Ich bin froh, dass ich hingefahren bin, denn seitdem habe ich meine Halbschwester wieder und das bedrückende Gefühl, dass ich Schuld sein könnte wird mit jeden Tag weniger.
Ich weiß, er würde sich freuen wie oft ich doch die Toten Hosen CD höre und dass ich mich nun sogar selber mal hinter den Herd stelle, koche und dabei Gewürze benutze.
Und auch wenn wir unsere Differenzen hatten, hatten wir uns lieb, keine frage.

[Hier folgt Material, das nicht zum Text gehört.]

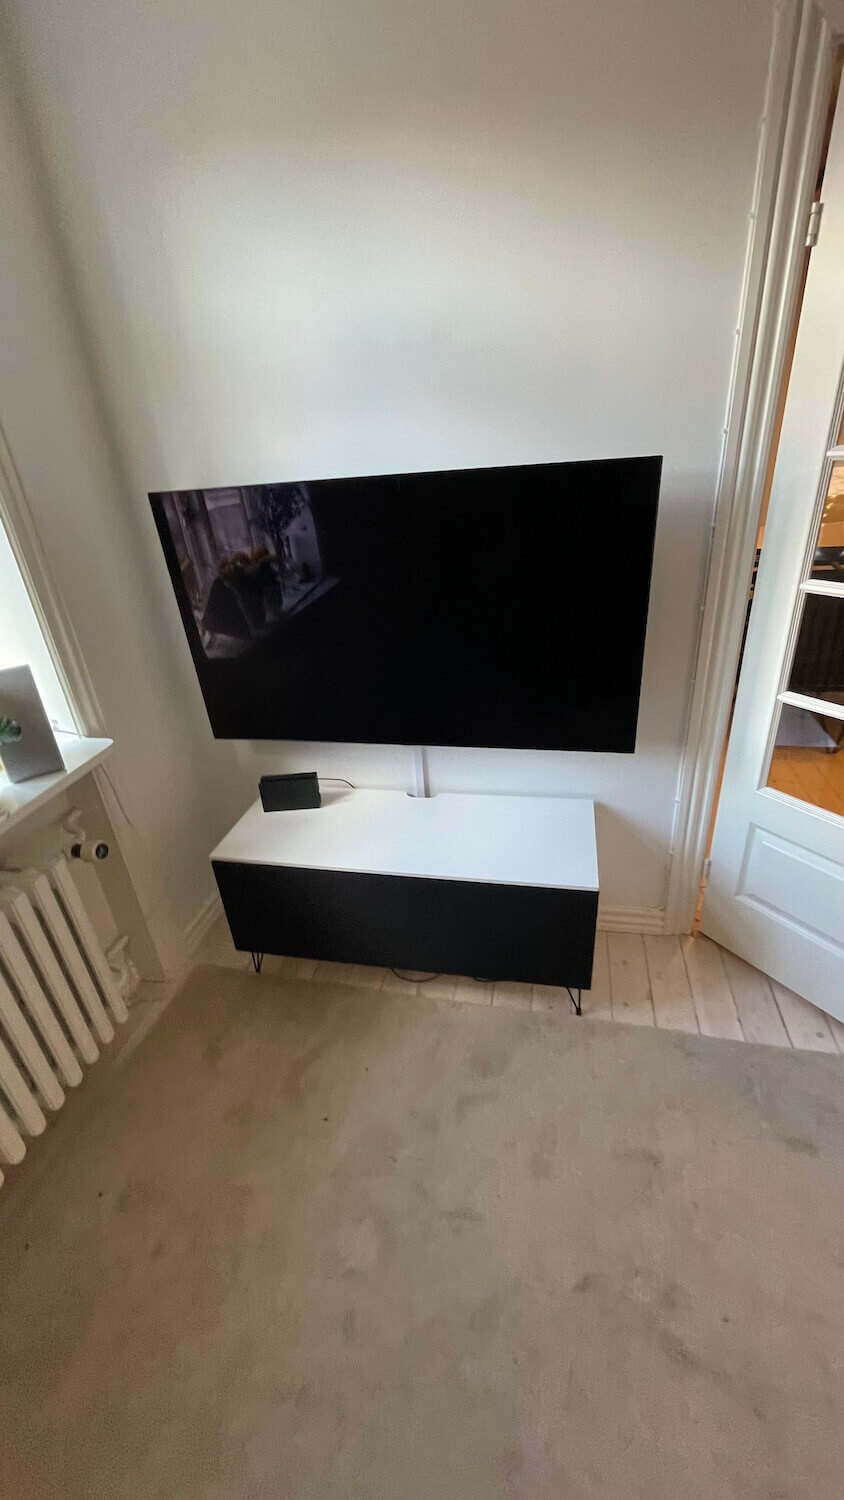 Væg-ophængning af LG OLED TV

Nein mit diesem Post möchte ich kein Mitleid, das brauche ich nämlich nicht, ich will nur, dass ihr darüber nachdenkt, wie schön das Leben ist und wie lebenswert!
Und wenn ihr euch fragt, wieso macht die das nun als einen öffentlichen Post, ganz einfach, ich hatte meinem Vater bei unserem letzten Telefonat von meiner Idee einen Blog zu erstellen erzählt und er meinte, dafür würde er sich sogar Internet daheim holen. Auch weiß ich, dass seine Freundin ihm Bilder von meinem Instagram Account ausgedruckt hat und jeden Tag eins ins Krankenhaus mit gebracht hat. Ich weiß welches sein liebstes Bild war und das er fand, dass ich auf dem letzten Weihnachtsbild lustig aussehe mit meinem schiefen Dutt. Auch weiß ich nun, dass meine Halbschwester immer genau diesen Dutt hat und das wir mehr gemeinsam haben als gedacht.

Das letzte mal habe ich ihn zu meinem 18. Geburtstag gesehen und meine einzigen Erinnerungen und Überbleibsel sind in einer Kiste, die ich einen Monat nach seiner Beerdigung zugeschickt bekommen habe. In der Kiste sind alle Postkarten, Einladungen und Bilder die er je bekommen hat. Auf einer Karte von meiner Mutter an ihn steht, Lena hat nun aufgehört aus der Flasche zu trinken, die braucht sie nun nicht mehr.

IMG_5941
Das sind die Dinge die bleiben, nicht mehr und nicht weniger

 
Außerdem muss ich mich bei meinen besten Freunden Maja und Viki entschuldigen, ich habe beiden in den letzten Monaten so einige Nerven gekostet und das tut mir leid.